Reputation: 121
I am working on to find the k
th smallest element in min heap. I have got a code for this whose complexity is O(k log k)
. I tried to improve it to O(k)
.
Below is the code.
struct heap{
int *array;
int count;
int capacity;
};
int kthsmallestelement(struct heap *h,int i,int k){
if(i<0||i>=h->count)
return INT_MIN;
if(k==1)
return h->array[i];
k--;
int j=2*i+1;
int m=2*i+2;
if(h->array[j] < h->array[m])
{
int x=kthsmallestelement(h,j,k);
if(x==INT_MIN)
return kthsmallestelement(h,m,k);
return x;
}
else
{
int x=kthsmallestelement(h,m,k);
if(x==INT_MIN)
return kthsmallestelement(h,j,k);
return x;
}
}
My code is traversing k
elements in heap and thus complexity is O(k)
.
Is it correct?
Upvotes: 0
Views: 393
Reputation: 76316
Your code, and in fact, its entire approach - are completely wrong, IIUC.
In a classic min-heap, the only thing you know is that each path from the root to the children is non-decreasing. There are no other constraints, in particular no constraints between the paths.

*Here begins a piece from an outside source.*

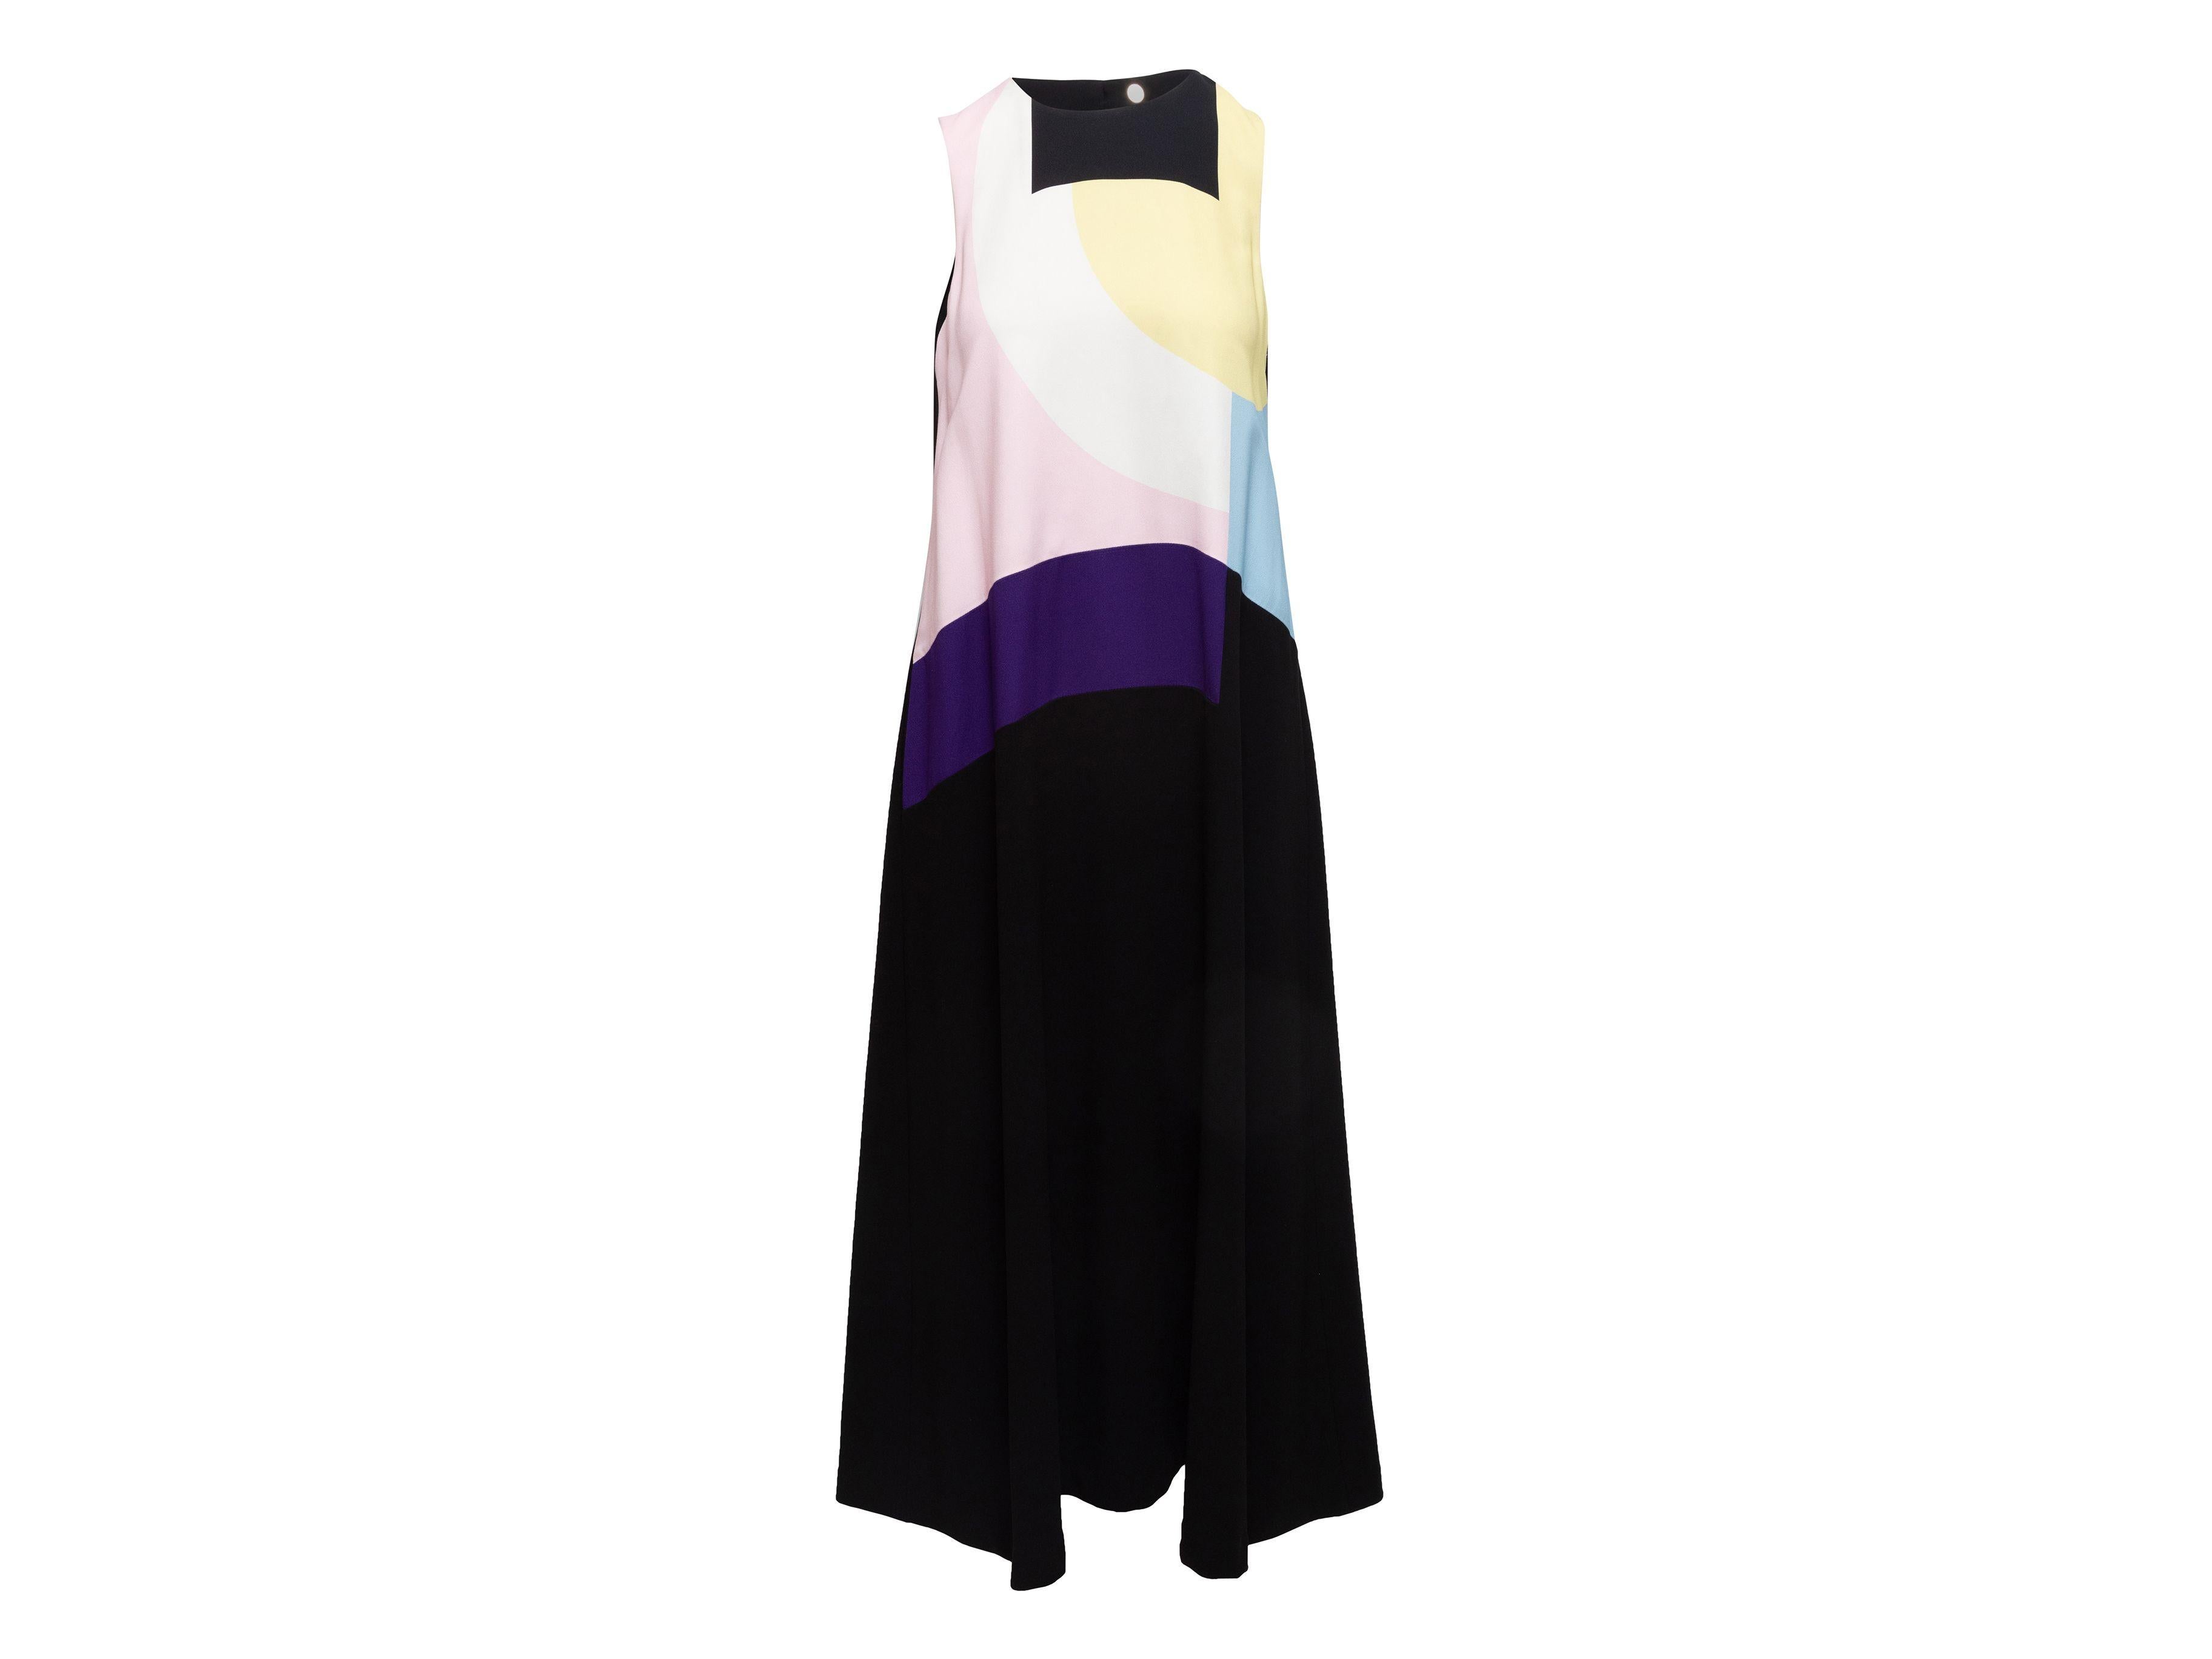 Product Details: Black and multicolor color block sleeveless maxi dress by Lisa Perry. Crew neckline. Closures at back. 36

It follows that the k-th smallest element can be anywhere in the first 2k element. If you are just using the entire heap's array built & maintained using the classic heap algorithm, any solution will necessarily be Ω(min(n, 2k)). Anything below that will require additional requirements on the array's structure, an additional data structure, or both.